Later, red-eyed, Emma pulled an old photo album from the drawer. There it was—one of the few pictures with her father. He was smiling; she clutched a swirl of candyfloss. She freed the photo, tracing his face with shaking fingers.
***
He’d left when she was eleven. No shouting, no fights—just silence, then absence.
“Dad, are you really leaving us?” she’d asked when he met her after school.
“I can’t stay. Your mother doesn’t love me. I’ve tried.”
“I love you,” she’d whispered.
“Me too.” He ruffled her hair. “You’ll understand when you’re older. Listen to your mum.” He walked her home but didn’t come inside.
“Dad!” she called after him. He didn’t turn.
“He’s got another woman,” her mother later explained.
“Kids too?”
“No idea. Probably.”
***
“Emma, get up.” Her mother’s voice cut through her sleep. “We need to leave for the mortuary.”
She jolted upright, scrambling for the photo.
“Looking for this?” Her mother gestured to the picture beside her monitor. “Hurry. We’ll be late.”
Dressed in jeans and a black jumper, Emma sat wordlessly at the kitchen table while her mother sipped coffee.
The mortuary was hushed. Strangers lined the walls. Only a small, weeping woman stood by the coffin—the caller, Emma guessed. She barely glanced at the body—it wasn’t him. Instead, she stared at the framed photo. *This* was the face she remembered.
Her mother stood dry-eyed, detached.
At the graveside, whispers slithered around her: *Such a shame he and his wife never had children… Poor Nina, left all alone…*
Later, over tea, Emma lashed out. “You couldn’t even *pretend* to care? No wonder he left.”
Her mother sighed.
Then, in the dimming light of her room, the truth spilled out—an assault at sixteen, a forced marriage, a life welded to resentment.
“And *he* never wanted to see me?” Emma whispered.
“Would you?”
That night, Liam called about the cinema. They took a bus into town, warming up in a café.
“I had two fathers,” Emma murmured, stirring her tea. “Now I have none.”

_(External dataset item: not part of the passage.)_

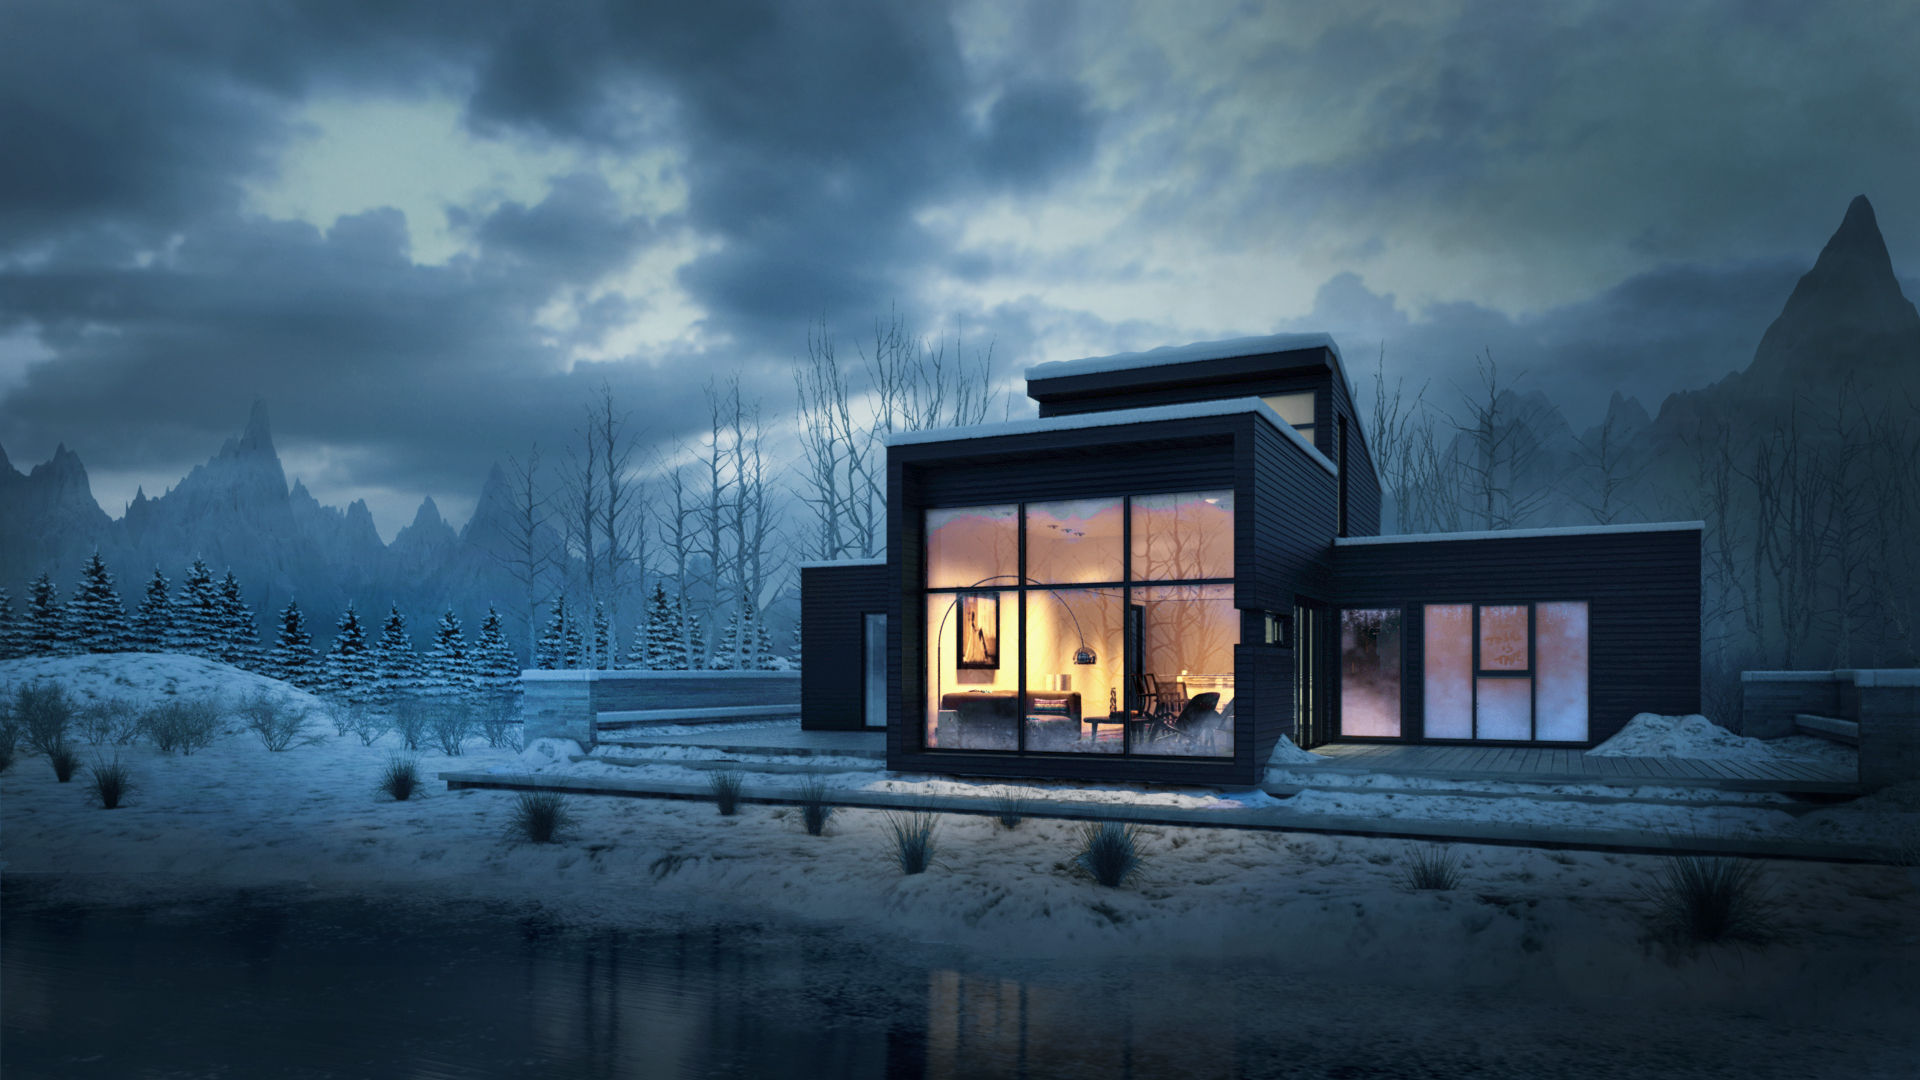 General 1920x1080 architecture modern nature landscape house trees winter snow mountains lake pine trees clouds lights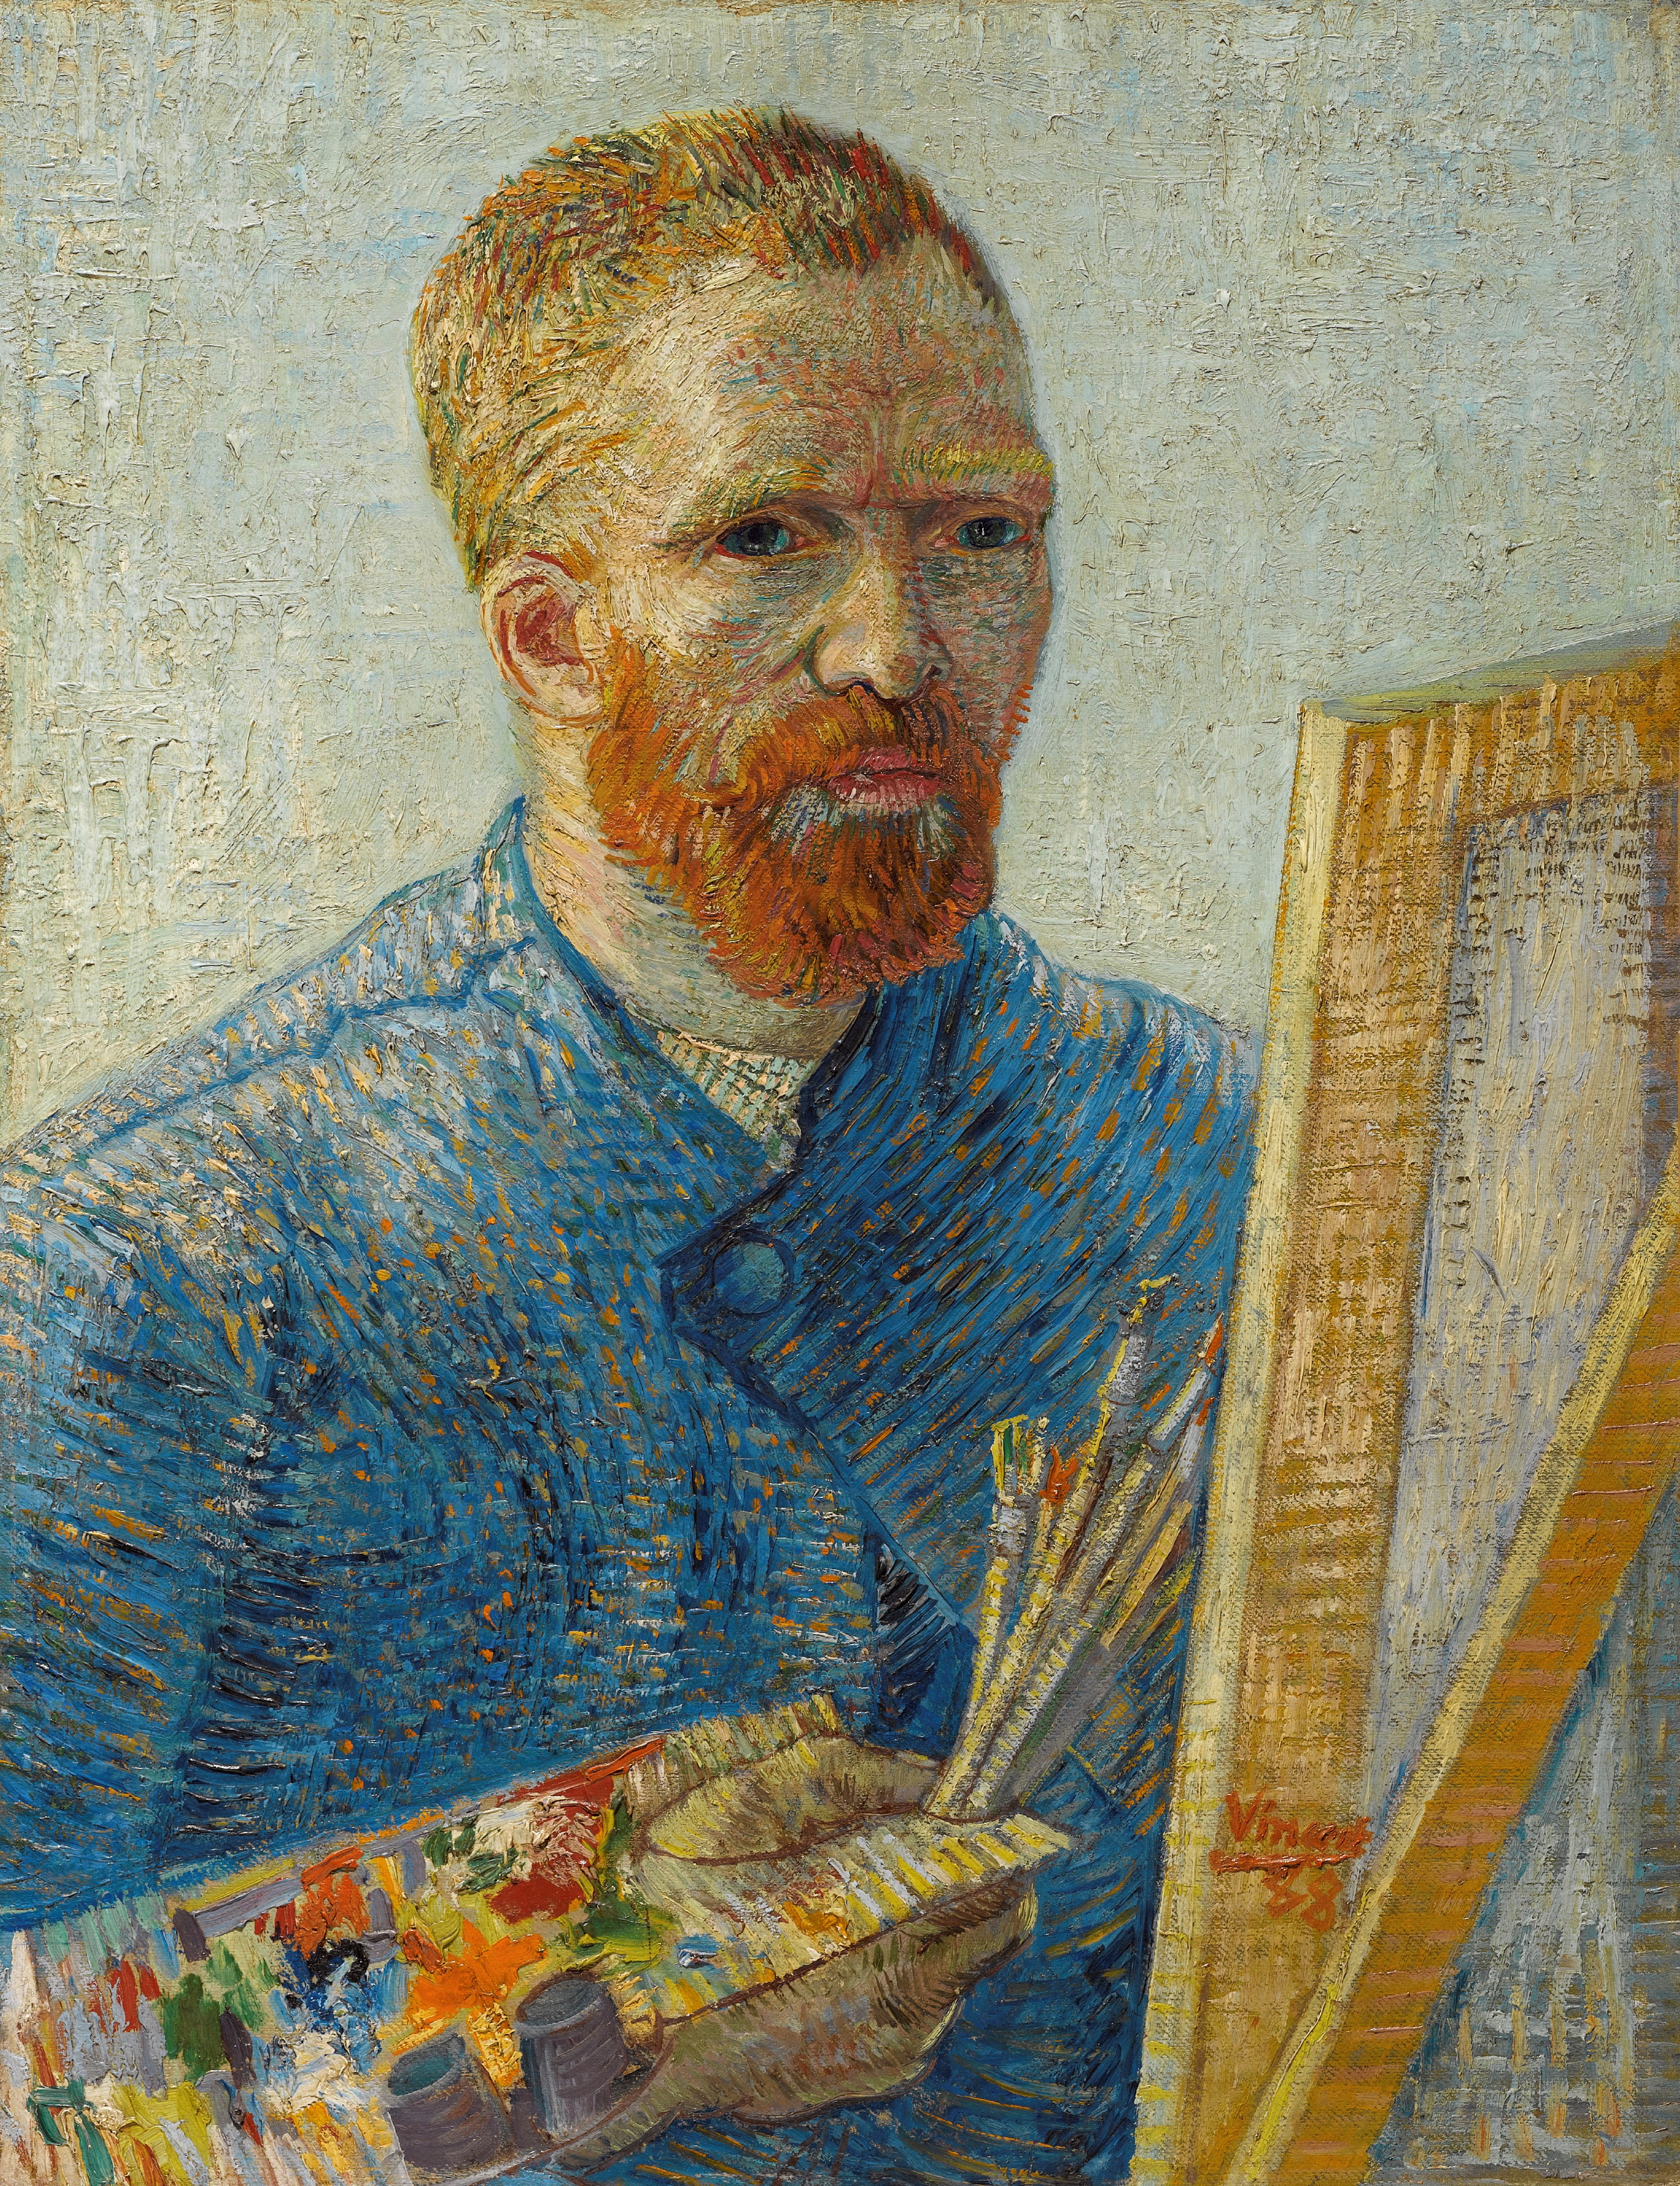 Self-portrait as a painter from 1888 by Vincent van Gogh (1853-1890) obtained on June 30, 2021. Courtesy of The Courtauld/Handout via REUTERS THIS IMAGE HAS BEEN SUPPLIED BY A THIRD PARTY. NO NEW USES AFTER JULY 30, 2021.

Liam shrugged. “You’ve got a mum. Don’t be hard on her.”
“She *hates* me. Says I look like *him*.”
“You’re not her. And you’re not a kid. Who raised you? That’s your dad.”
Emma scoffed. “Easy for you to say.”
Outside, the sky hung low and heavy.
“Tomorrow after school?” Liam nudged. “We can skip last period.”
“Okay.”
Walking home, they talked—about nothing, about everything.
At that age, everything cuts deep. Every shadow looms larger, every love feels like the first and last. The future is a distant country, and the past clings like cobwebs.
But time untangles things. People change. Wounds scar over.
And somewhere in the mess, you find yourself.